Metadata-Version: 2.4
Name: contextcram
Version: 0.2.0
Summary: Fit anything into an LLM context window — a tiny, zero-dependency, priority-aware token-budget packer.
Project-URL: Homepage, https://github.com/Waelr1985/contextcram
Project-URL: Repository, https://github.com/Waelr1985/contextcram
Project-URL: Issues, https://github.com/Waelr1985/contextcram/issues
Project-URL: Changelog, https://github.com/Waelr1985/contextcram/blob/main/CHANGELOG.md
Author-email: Waelr1985 <waelr1985@gmail.com>
License-Expression: MIT
License-File: LICENSE
Keywords: agents,anthropic,context-window,llm,openai,prompt,prompt-engineering,rag,token-budget,tokens
Classifier: Development Status :: 4 - Beta
Classifier: Intended Audience :: Developers
Classifier: License :: OSI Approved :: MIT License
Classifier: Operating System :: OS Independent
Classifier: Programming Language :: Python :: 3
Classifier: Programming Language :: Python :: 3 :: Only
Classifier: Programming Language :: Python :: 3.10
Classifier: Programming Language :: Python :: 3.11
Classifier: Programming Language :: Python :: 3.12
Classifier: Programming Language :: Python :: 3.13
Classifier: Topic :: Scientific/Engineering :: Artificial Intelligence
Classifier: Topic :: Software Development :: Libraries :: Python Modules
Classifier: Typing :: Typed
Requires-Python: >=3.10
Provides-Extra: tiktoken
Requires-Dist: tiktoken>=0.5; extra == 'tiktoken'
Description-Content-Type: text/markdown

# contextcram

[![PyPI version](https://img.shields.io/pypi/v/contextcram.svg)](https://pypi.org/project/contextcram/)
[![Python versions](https://img.shields.io/pypi/pyversions/contextcram.svg)](https://pypi.org/project/contextcram/)
[![CI](https://github.com/Waelr1985/contextcram/actions/workflows/ci.yml/badge.svg)](https://github.com/Waelr1985/contextcram/actions/workflows/ci.yml)
[![License: MIT](https://img.shields.io/badge/License-MIT-yellow.svg)](https://opensource.org/licenses/MIT)

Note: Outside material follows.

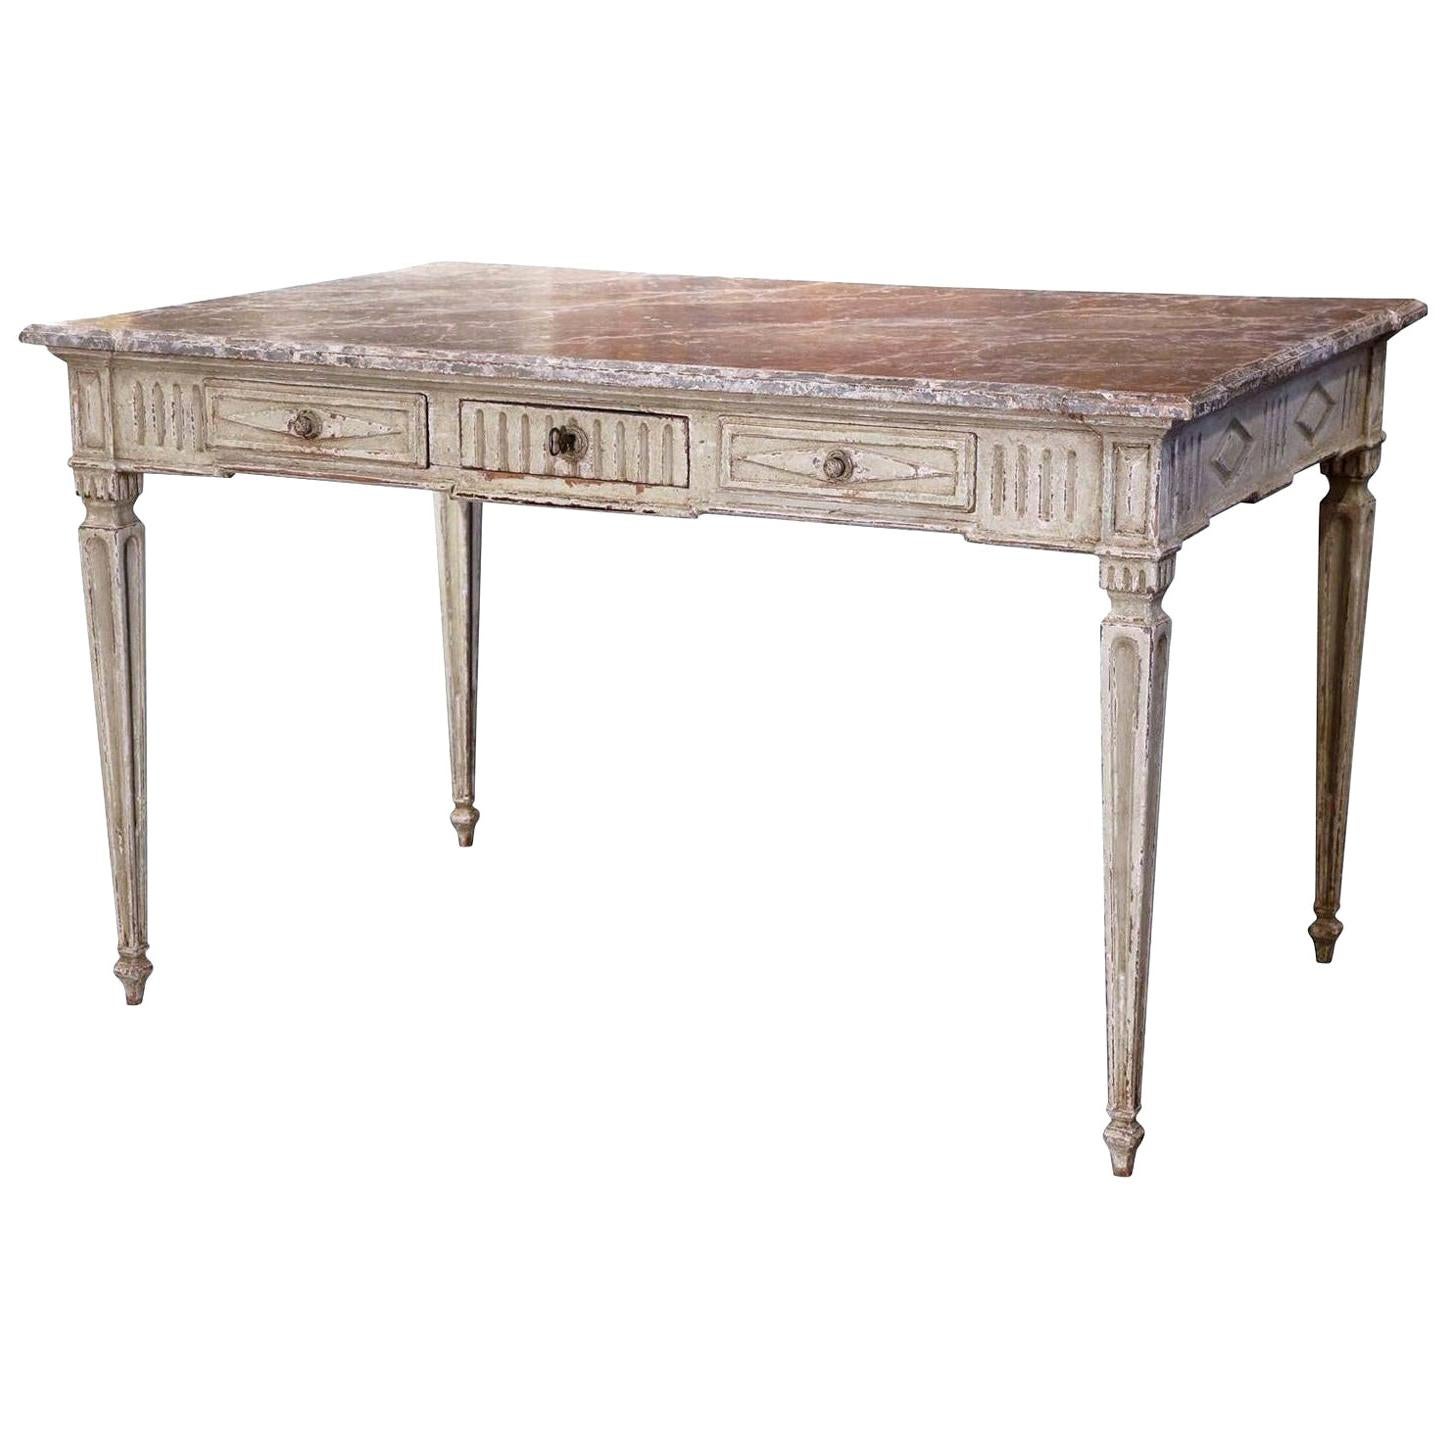 19th Century French Louis XVI Painted Writing Table Desk with Faux Marble Top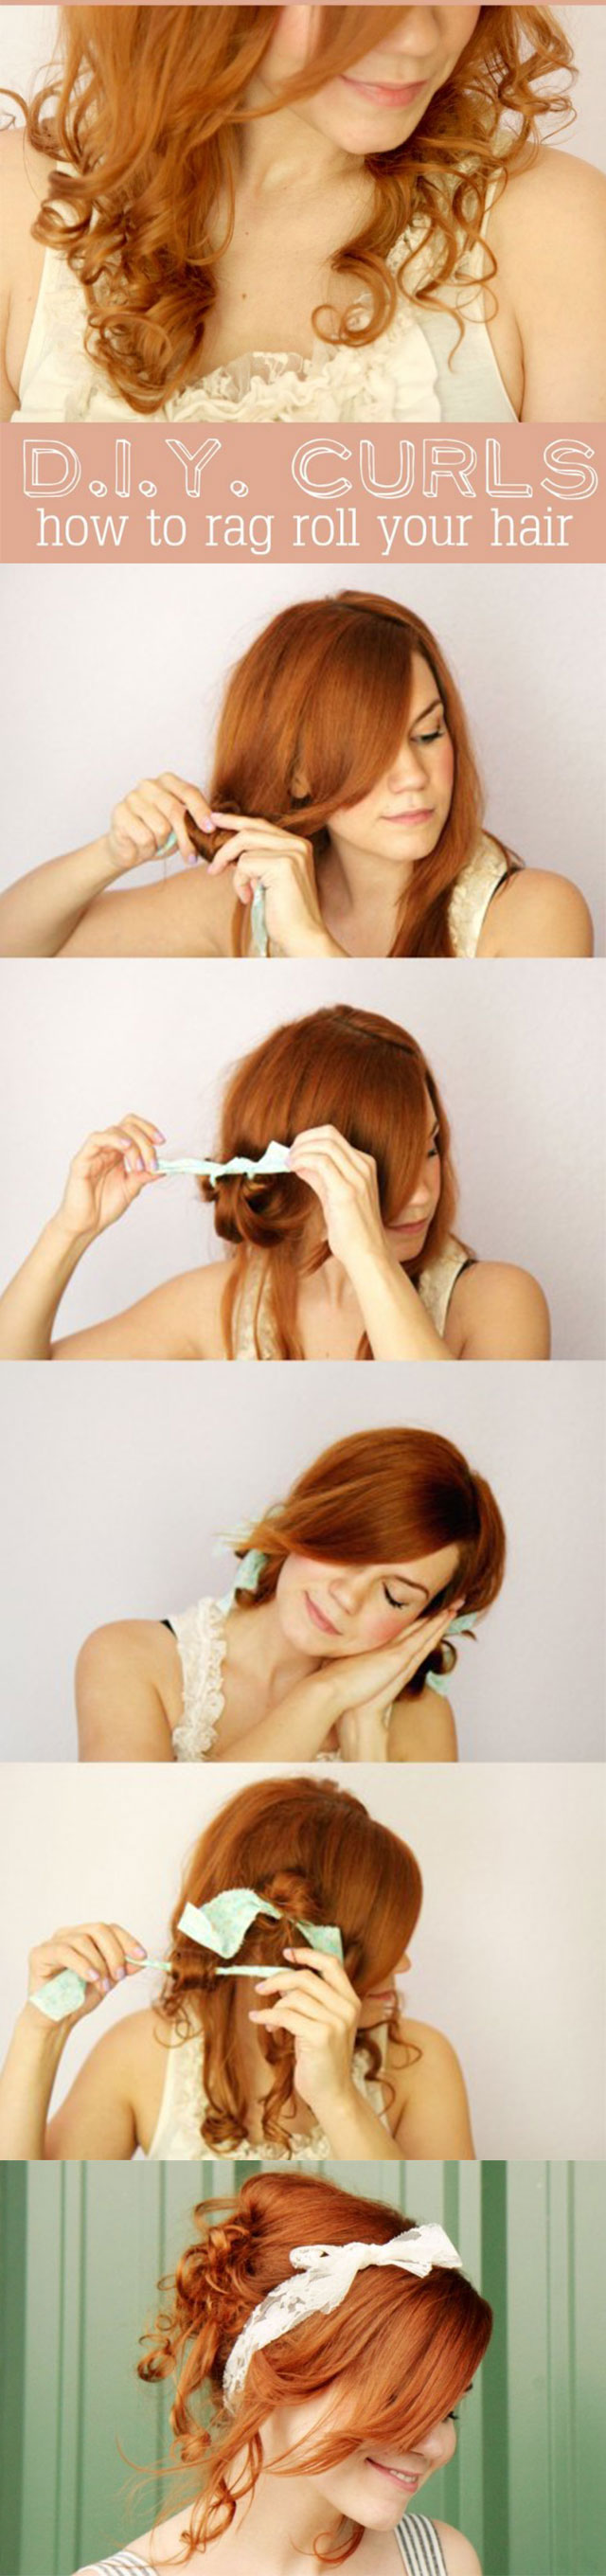 DIY-CURLS-HOW-TO-RAG-ROLL-YOUR-HAIR

**Fit anything into an LLM context window.** A tiny, zero-dependency, priority-aware
token-budget packer for RAG pipelines and agents.

Every RAG or agent app has the same problem: you have too much stuff — a system
prompt, chat history, retrieved documents, tool output — and a fixed token
budget. `contextcram` packs it all in *by priority*, truncating, trimming, or
dropping the least important pieces so the important ones always make it.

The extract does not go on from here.